Problem to solve —
Nothing but the pictures is dropped; write out all the remaining data below exactly.

Data shown —
--*--

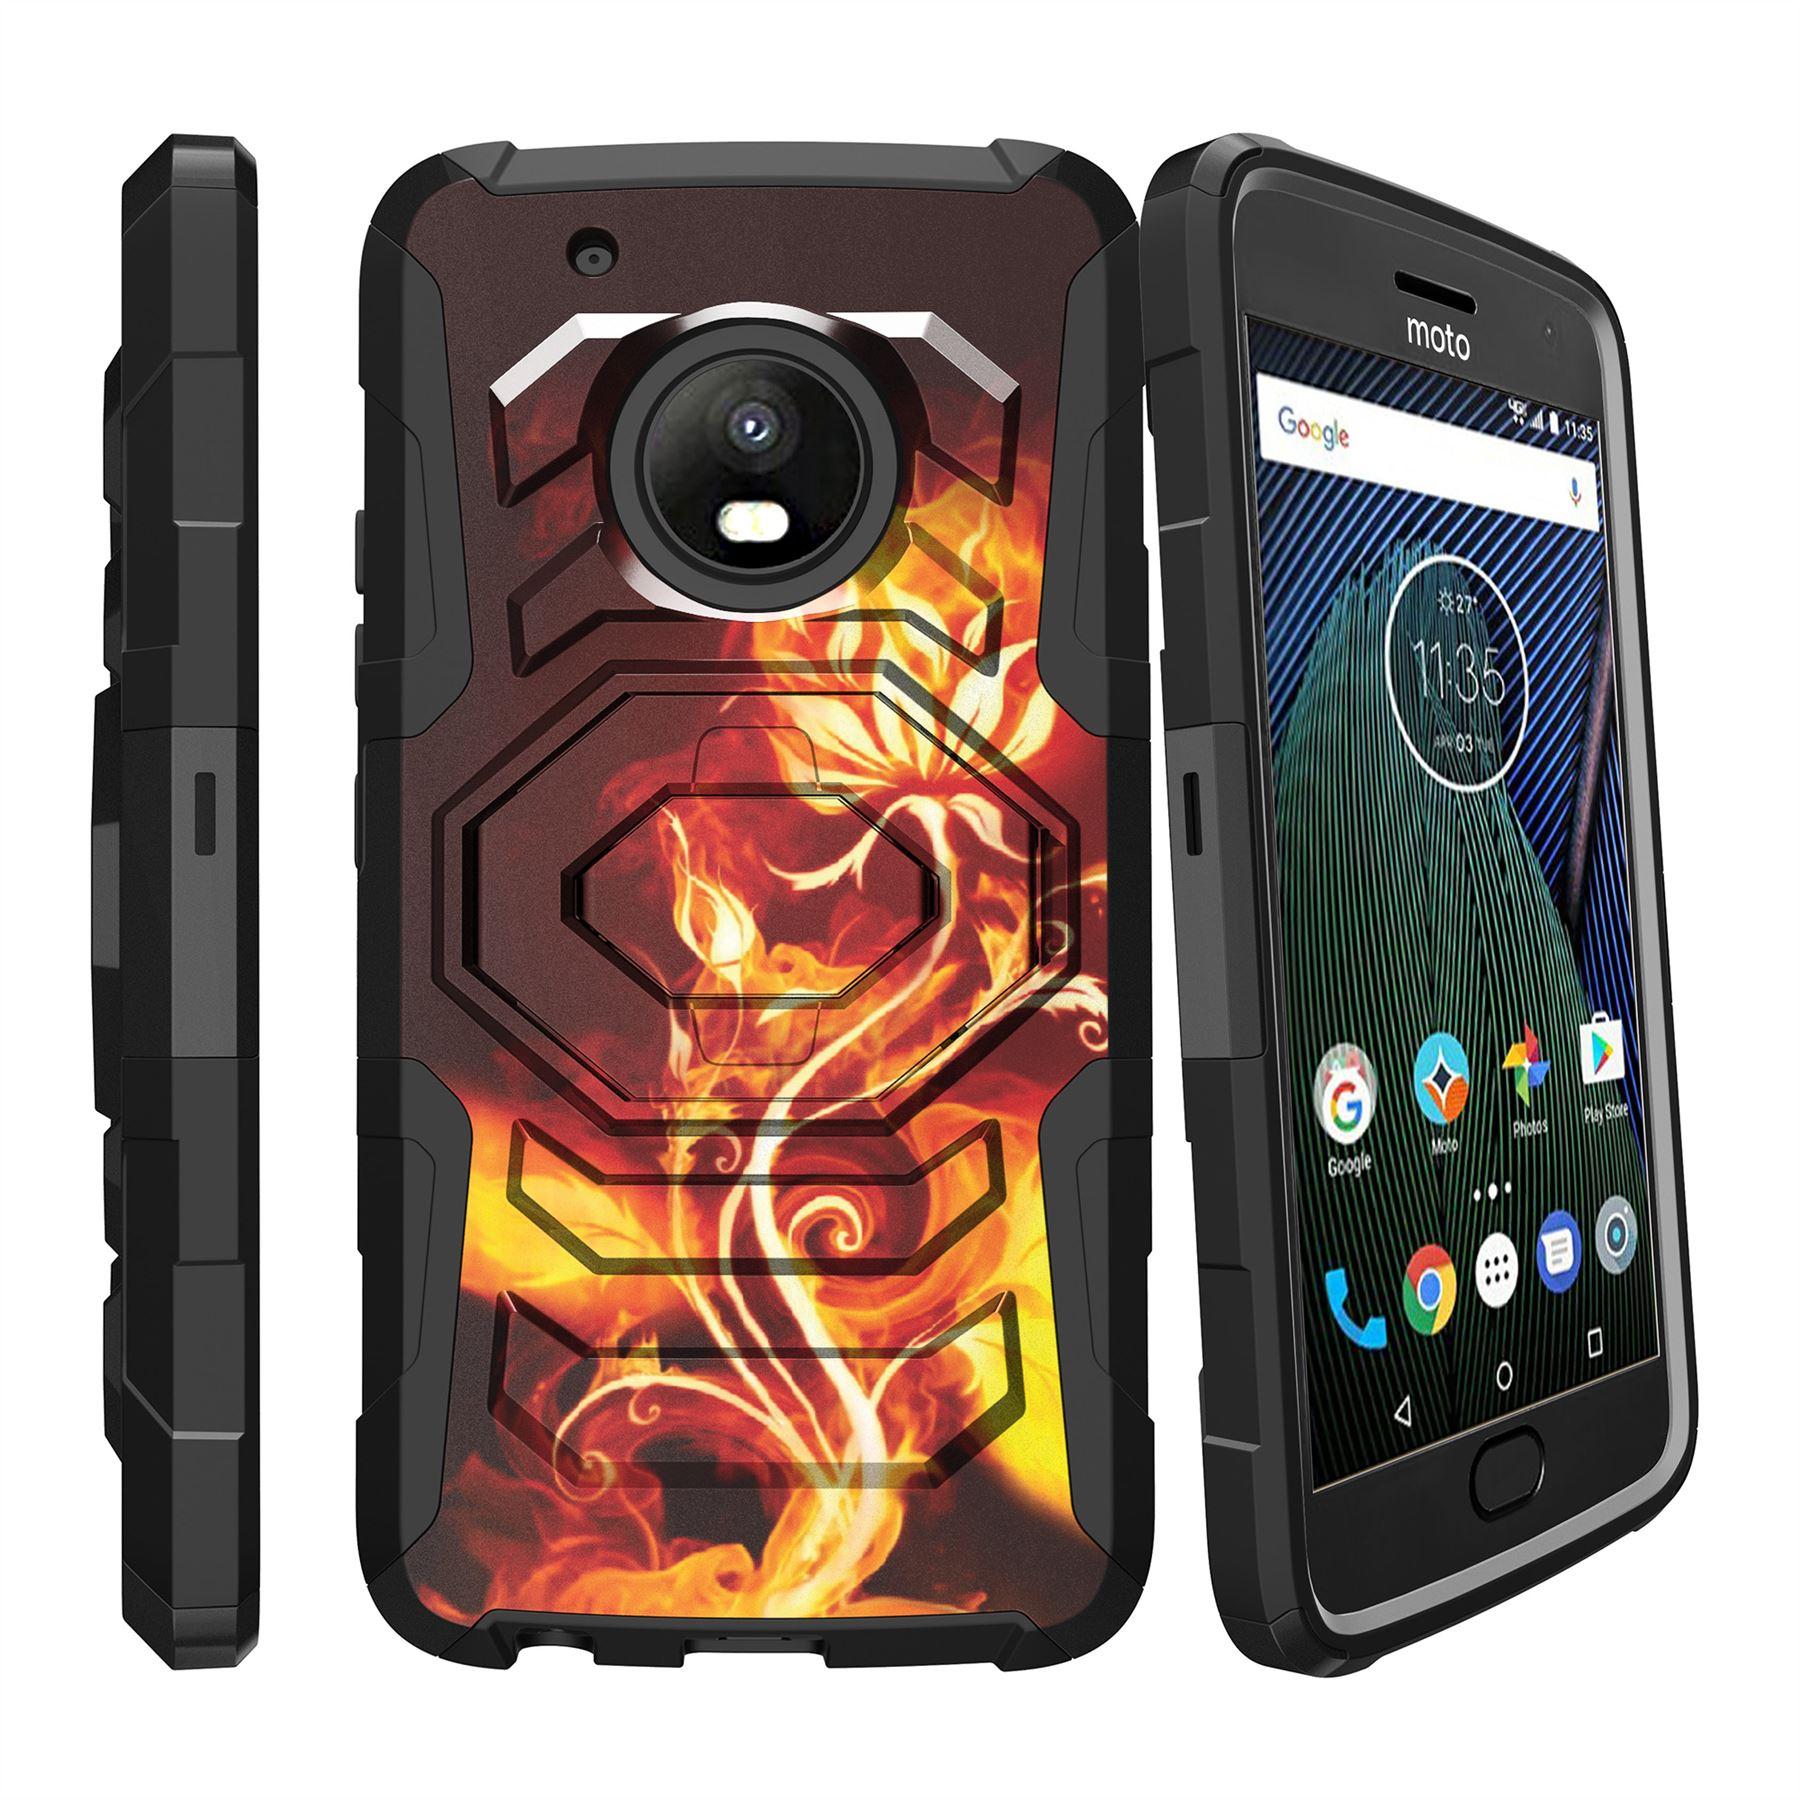 For Motorola Moto G5 Plus | Moto G5 Plus | XT1687 Clip Stand Case Red Hearts | eBay
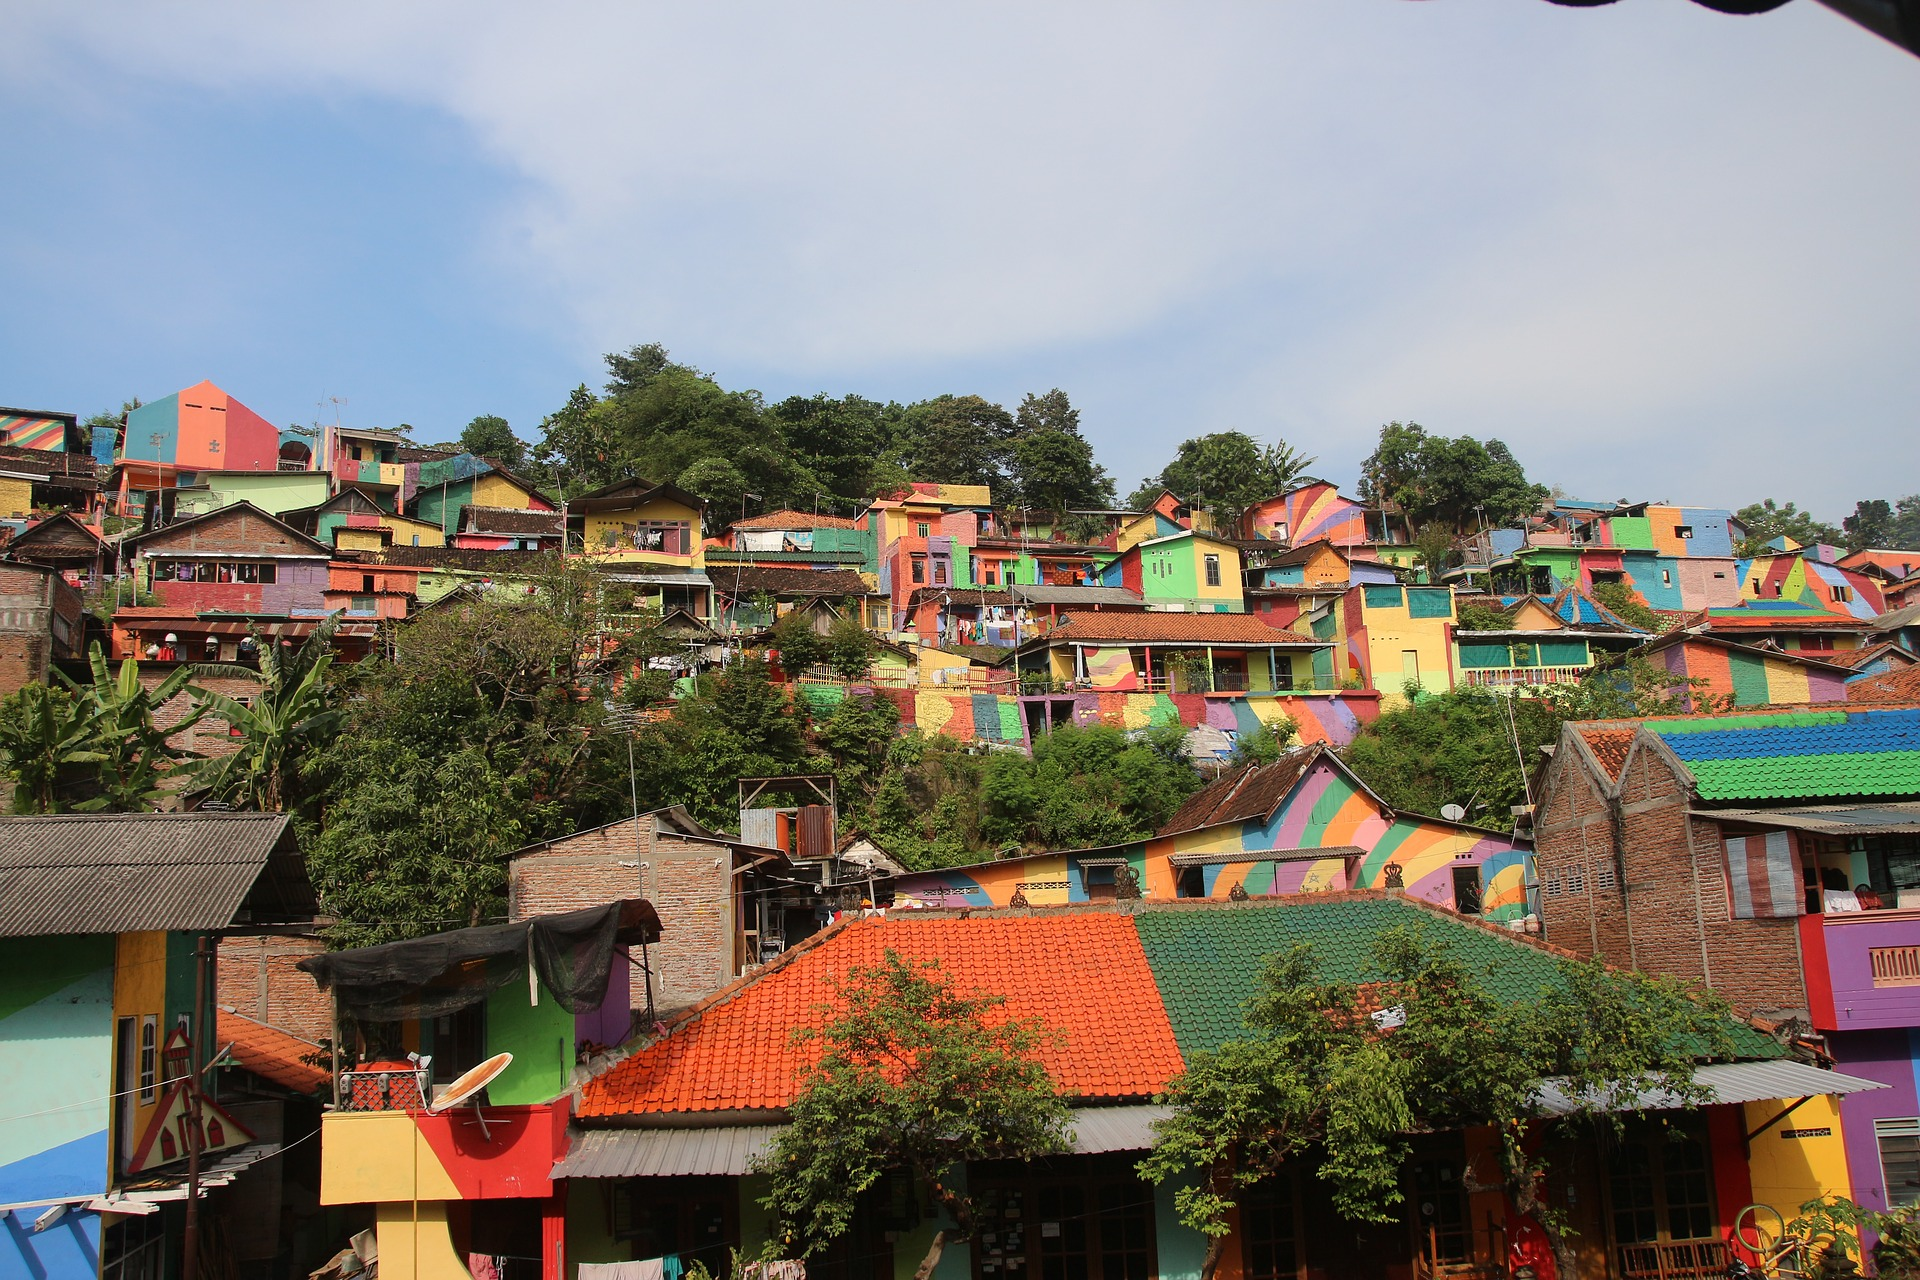 Colorful rainbow painted village
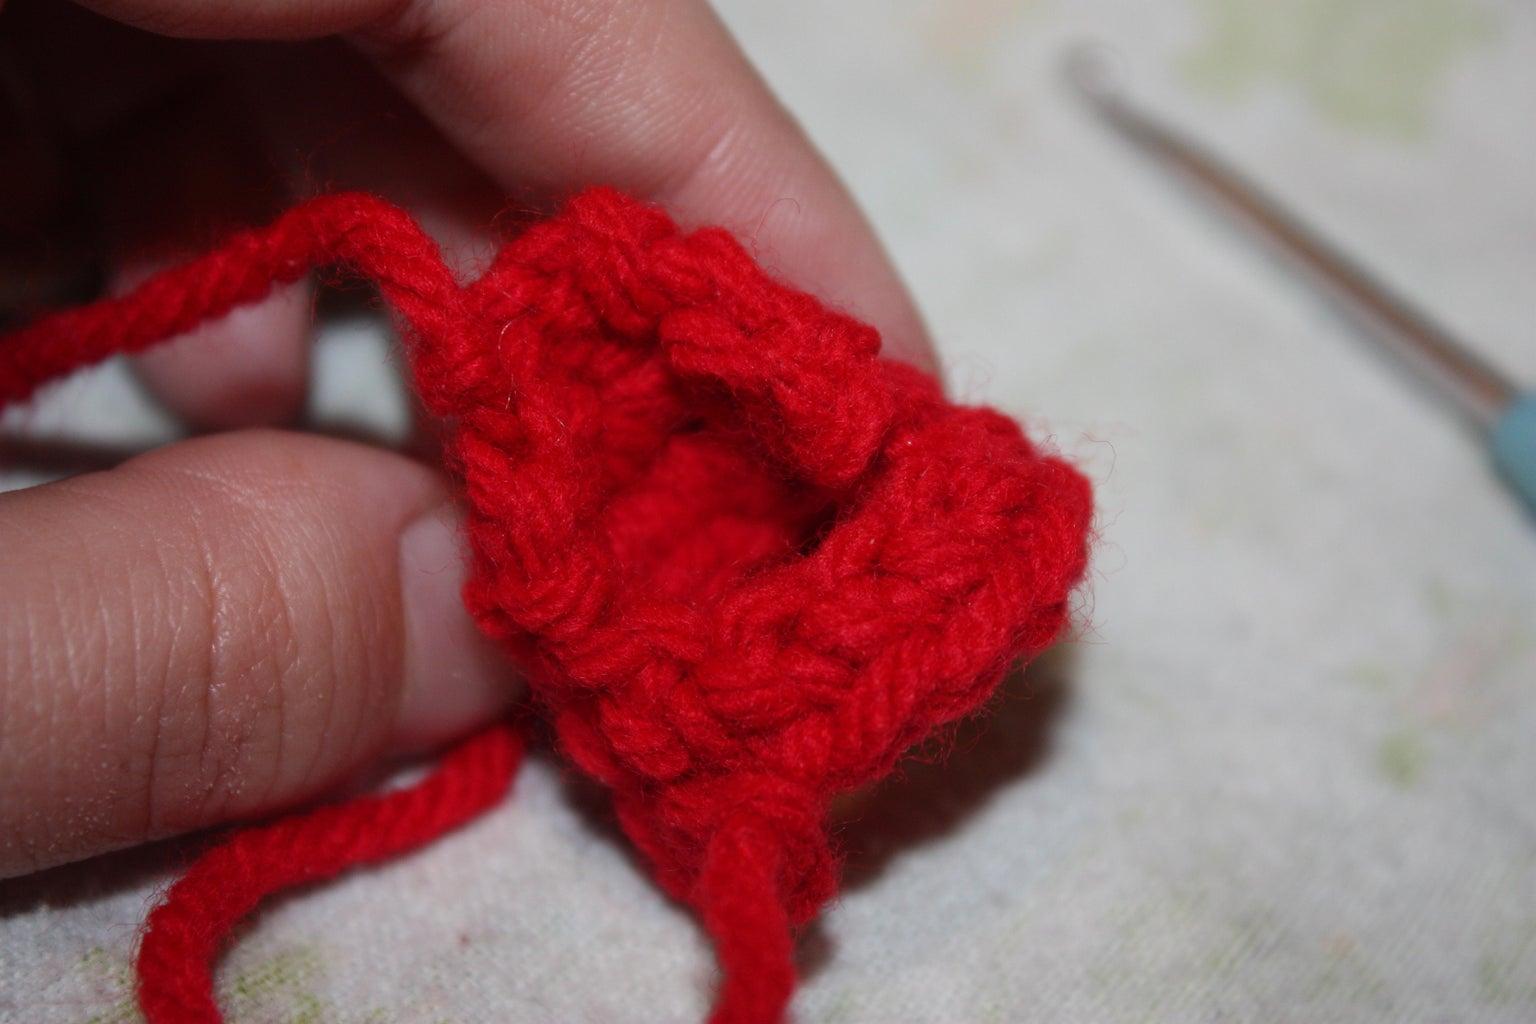 Step 3: Arms
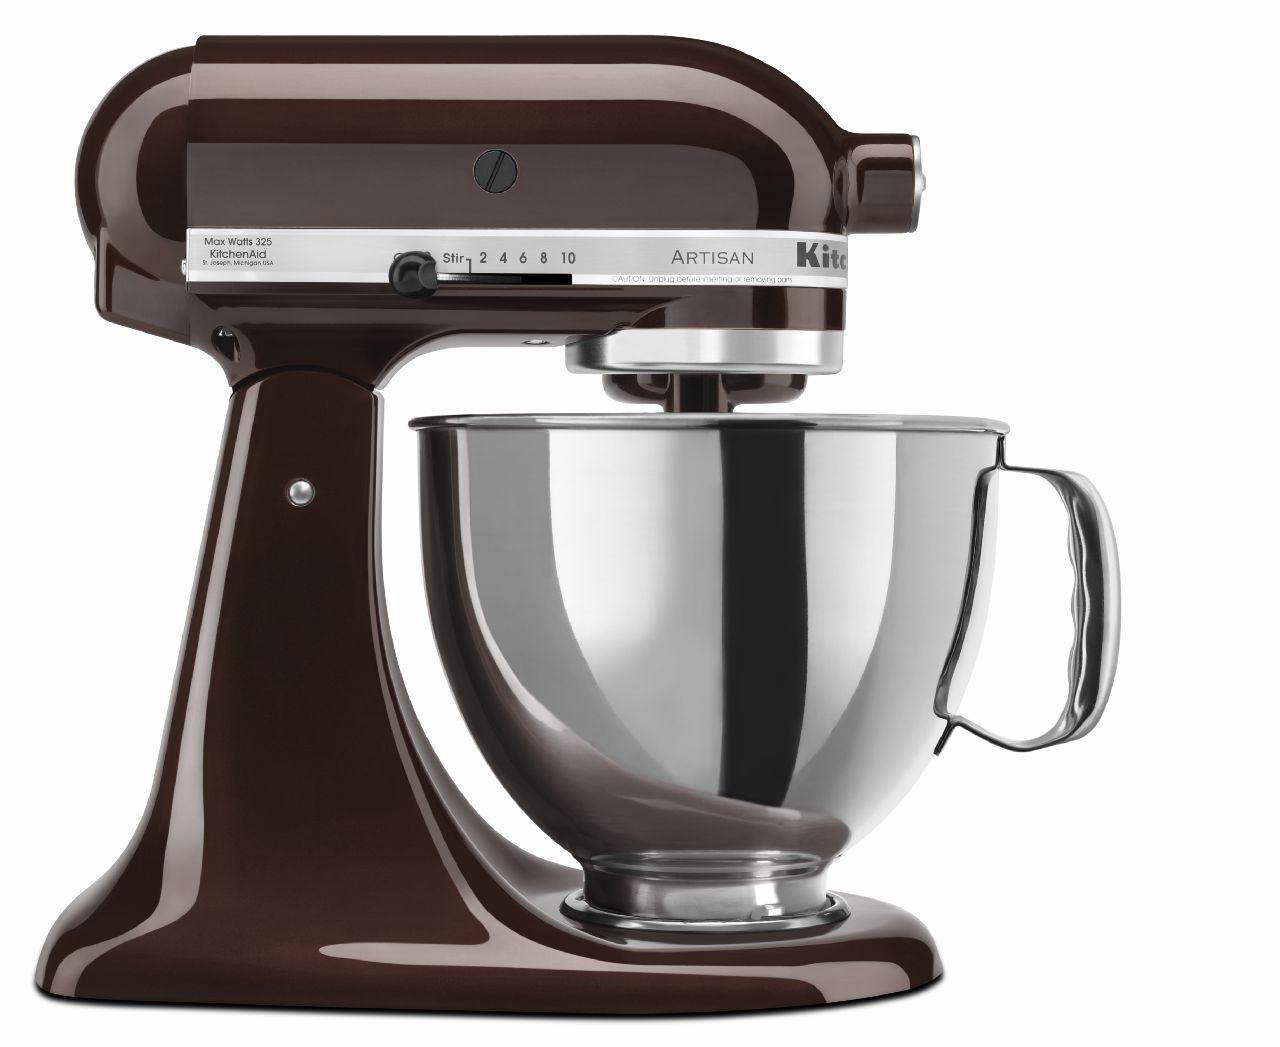 KitchenAid-Artisan-Series-5-Quart-Tilt-Head-Stand-Mixer-10-Speeds-KSM150PS thumbnail 55

--*--

Response to this task —
 For Motorola Moto G5 Plus | Moto G5 Plus | XT1687 Clip Stand Case Red Hearts | eBay
 Colorful rainbow painted village
 Step 3: Arms
 KitchenAid-Artisan-Series-5-Quart-Tilt-Head-Stand-Mixer-10-Speeds-KSM150PS thumbnail 55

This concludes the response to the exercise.